About one in seven babies who were exposed to the Zika virus in the womb have at least one developmental defect a year later, said a US study on Tuesday.
The rate of defects - about 14 percent - represents more than 30 times the level expected in infants that were not exposed to the mosquito-borne virus, officials with the US Centers for Disease Control and Prevention said.
Defects included small head size - known as microcephaly - brain or eye damage, seizures, and developmental delays, said the CDC Vital Signs report, the largest study to date on outcomes of babies born to mothers who were infected with Zika during pregnancy.
"Some of these problems were not apparent at birth and were identified as the babies grew older," said the report, which included more than 4,800 pregnancies that had positive lab tests for Zika in the US territories of American Samoa, Micronesia, Puerto Rico, Marshall Islands, and US Virgin Islands from 2016-2018.
The report focused on the US territories, which were hardest hit by the outbreak, and did not include US mainland cases. "From these pregnancies, 1,450 babies were at least one year old and had some follow-up care reported for this analysis," it said.

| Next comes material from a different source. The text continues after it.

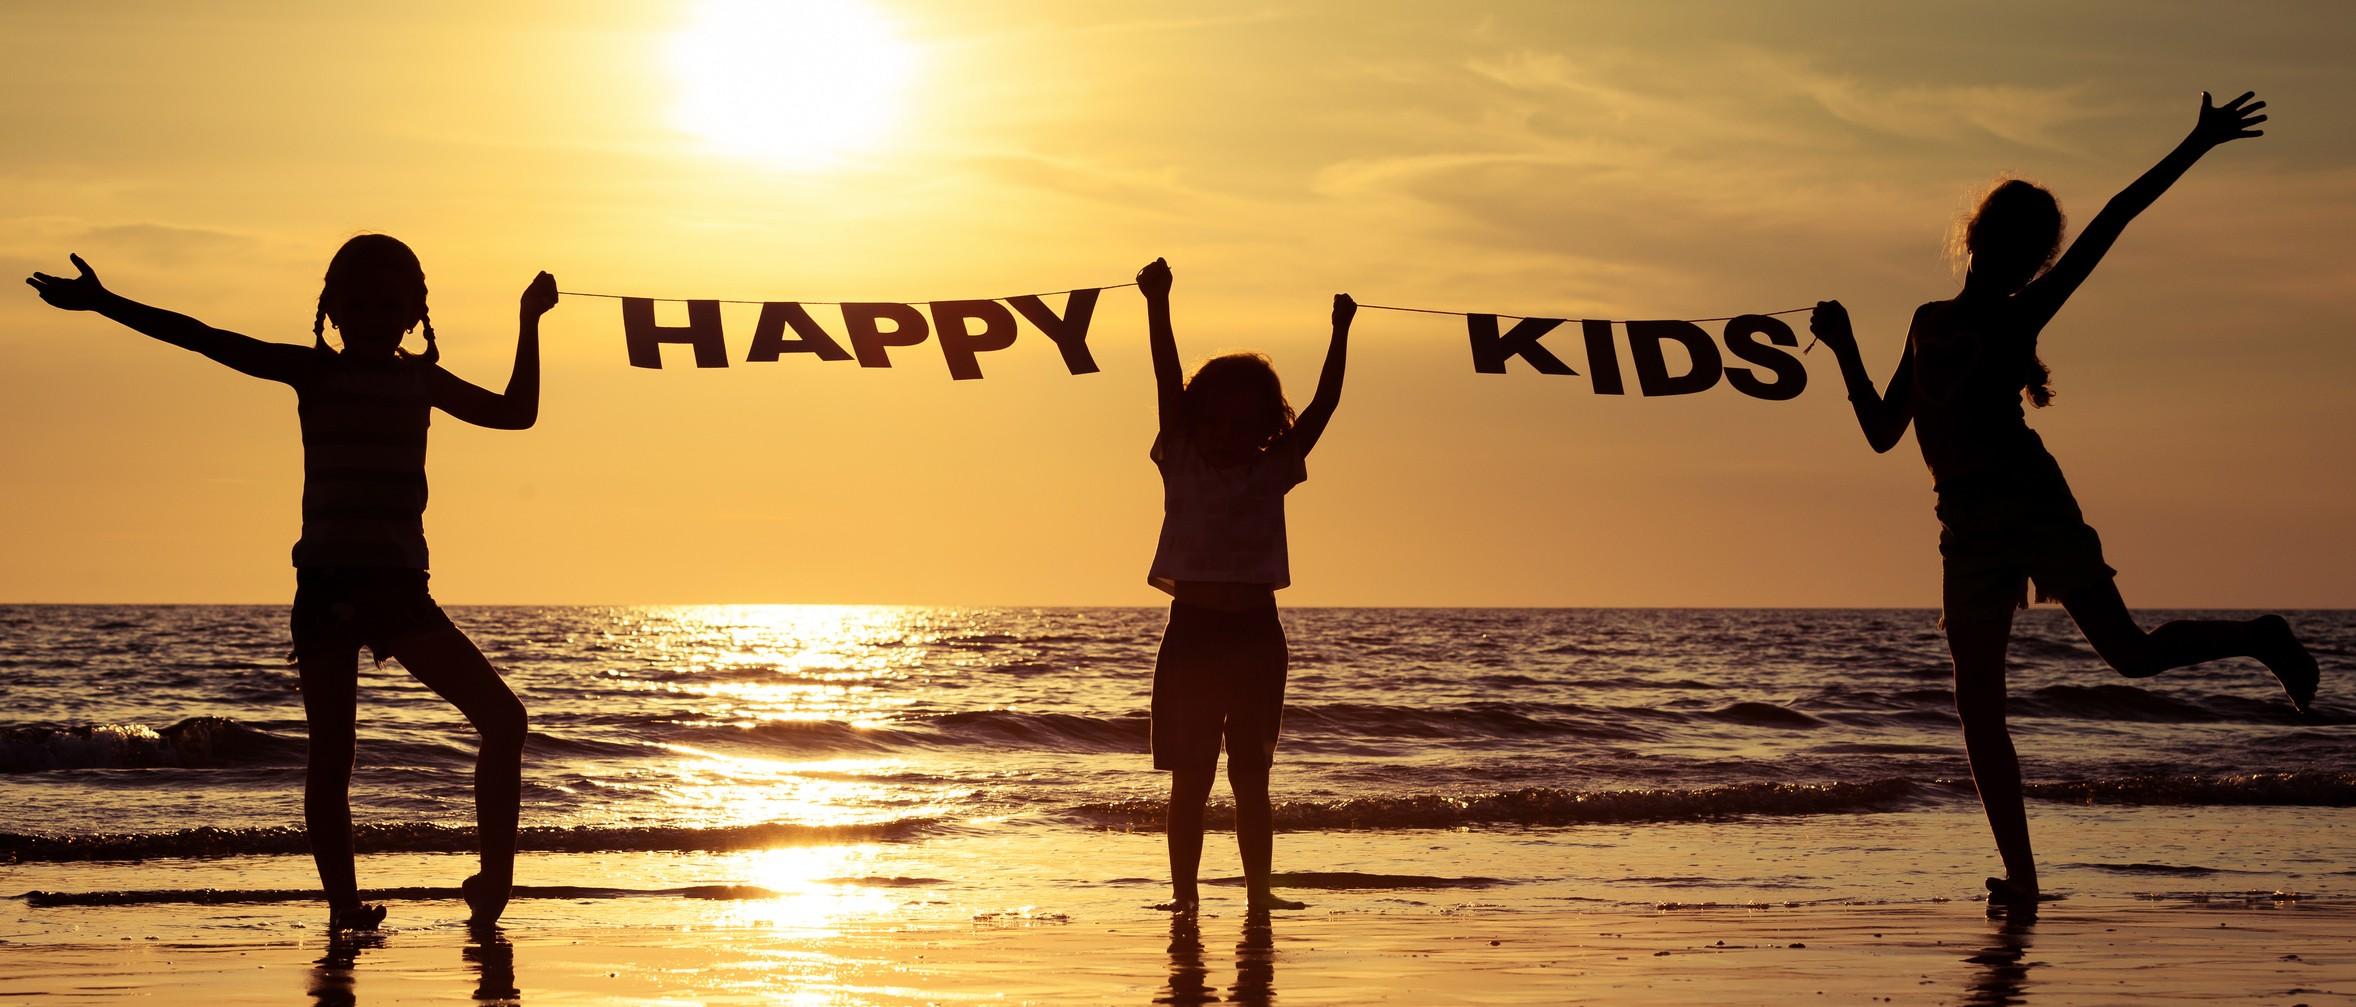 Meta Slider - HTML Overlay - Happy children playing on the beach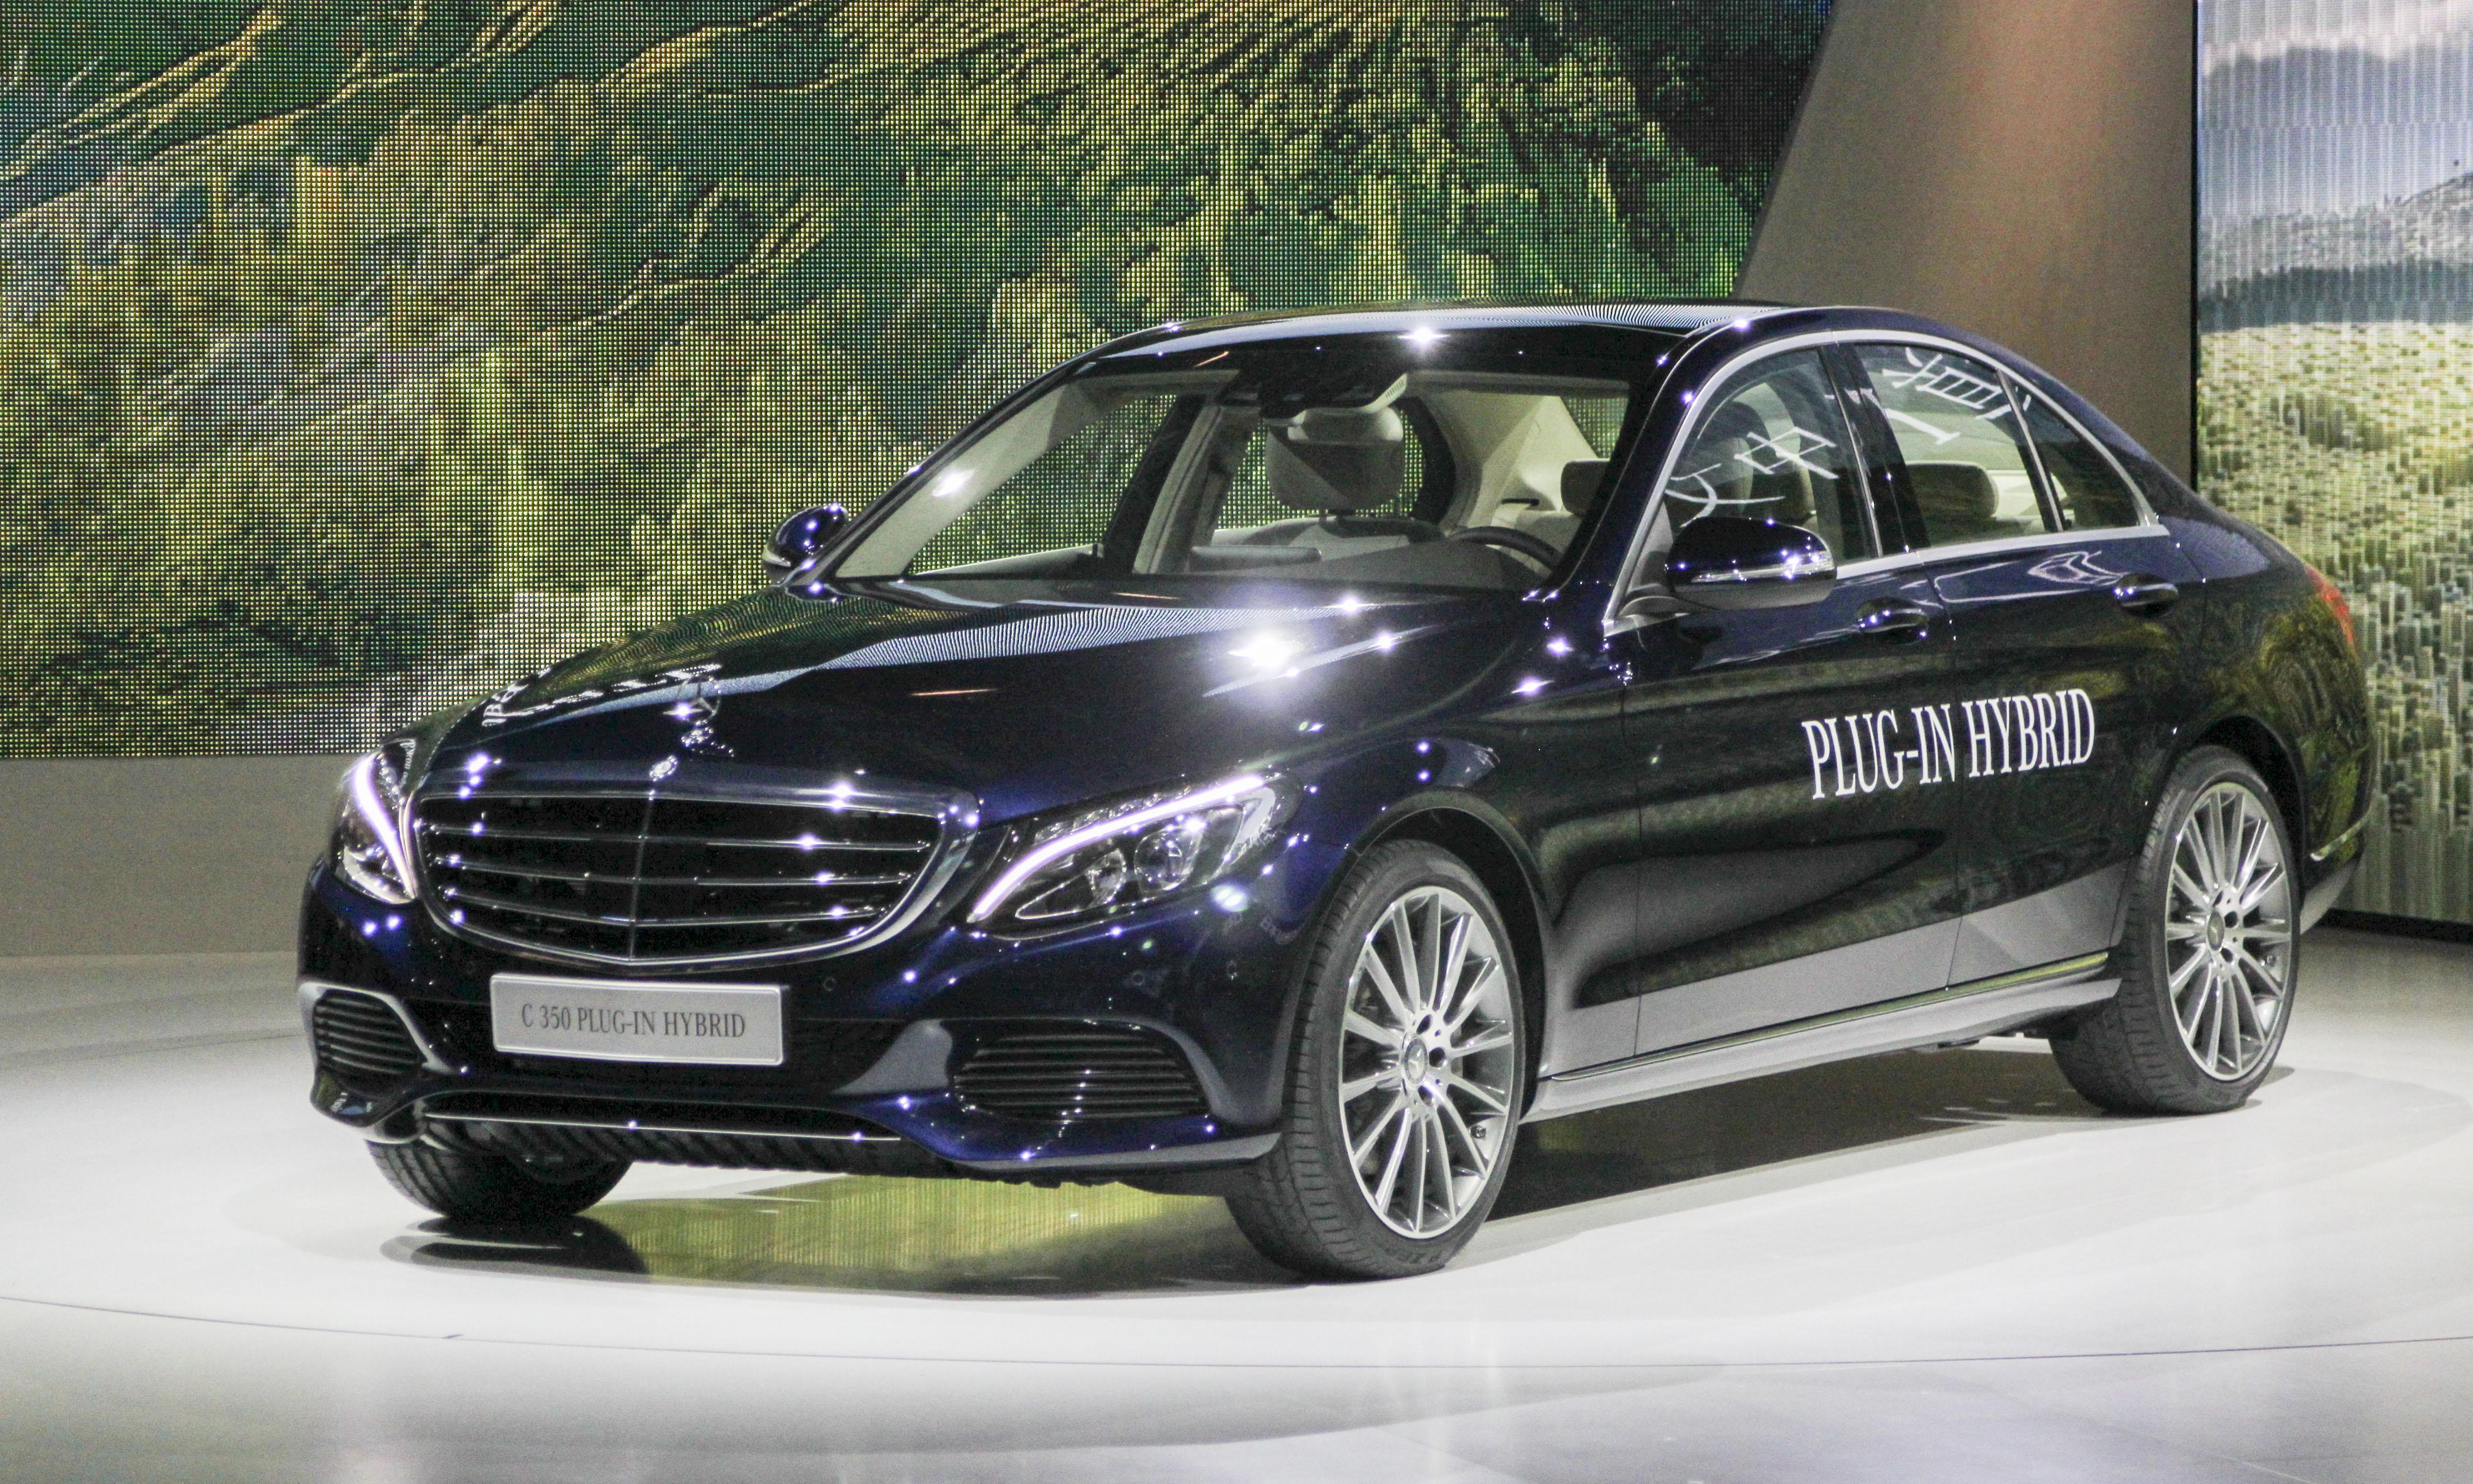 Mercedes-Benz C350 Plug-In Hybrid (c) Perry Stern

The rate of Zika-related birth defects is on par with prior studies in Brazil and other areas that were hard hit by Zika, said Peggy Honein, director of CDC's Division of Congenital and Developmental Disorders. A massive outbreak of Zika swept Latin America and the Caribbean beginning in 2015, eventually reaching 86 countries in the Americas and Africa.
The last known case of local transmission of Zika on the US mainland was in 2017, with two cases in Florida and five in Texas, officials said. Zika virus can cause a rash, headaches and muscle aches but is particularly dangerous to pregnant women because it has been proven to cause birth defects, including damage to the fetus's brain and nervous system. "The Zika story is not yet over. We are still learning more every day about the full impact of these infections," said Honein.